21 de novembro de 2007

Procurando o meu Princípio e Fundamento

Com tudo o que de bom a minha vida possa ter, estando eu a viver em Braga, o que me faz estar aqui a estudar… Filosofia… na Universidade Católica?

O que desejo para a minha vida? Que sentido lhe quero dar? Questiono-me a fim de não me perder com o que, no fundo de mim, considero secundário, mas que por vezes, tendo a esquecer! Perdendo o centro… sei que resvalo. Não é tanto pelo receio de cair, que também tenho, mas por temer desencontrar-me com o sentido no meu existir.

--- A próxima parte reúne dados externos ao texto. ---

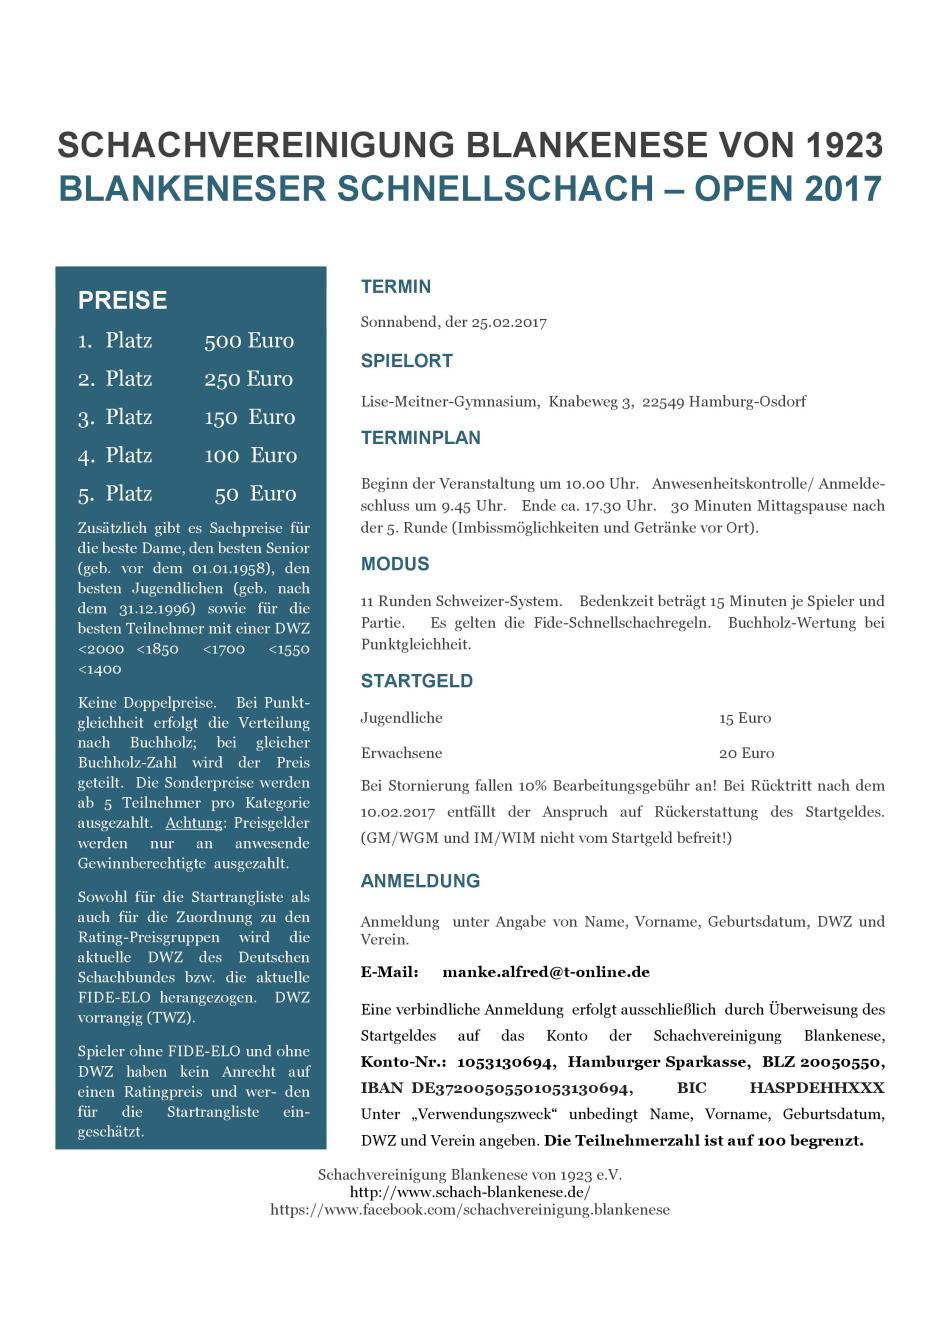 blankeneser-schnellschach-open-2017

A resposta mais verdadeira que posso receber vem da relação com Deus.

Não quero desviar o meu olhar do Teu! Aí encontro-me. Contigo, sou. Com mais ninguém consigo ser eu, apenas aparência de mim. Contudo, a Teu lado, não quero ser outro, senão eu, uma vez que reconheço-me mesmo Amado por Ti, como eu sou.

Agora, focado na relação conTigo, relembrando-me do que me faz estar em Braga, posso ir tomar o pequeno-almoço com serenidade, e deixar escapar uma gargalhada interior. Só sou peregrino quando sei para onde vou!

Onde me queres levar, Senhor? Seguindo-Te, não me poderei perder (Diário Espiritual Sto Inácio Loyola)

16 de novembro de 2007

Sugestão de leitura II


Livro: "Rezar com o Padre Arrupe"
Selecção e adaptação: José A. García, S.J.
Colaboração: Ignacio Iglesias sj, Veridiano Léon sj
Editorial A.O. – Braga
ISBN 978-972-39-0680-6

Neste livro recolhem-se orações do P. Pedro Arrupe, S.J., que foi Superior Geral da Companhia de Jesus entre 1965 e 1983. Não se trata de textos para ler, mas de ajudas para rezar, ao jeito do P. Arrupe, com simplicidade, confiança filial, naturalidade, quase como quem respira. Nada há de artificial nestas orações. Brotam da vida, elevam-se a Deus com toda a confiança e voltam à vida quotidiana, na certeza de terem sido atendidas. É assim a oração dos grandes orantes. Era assim a oração do P. Arrupe...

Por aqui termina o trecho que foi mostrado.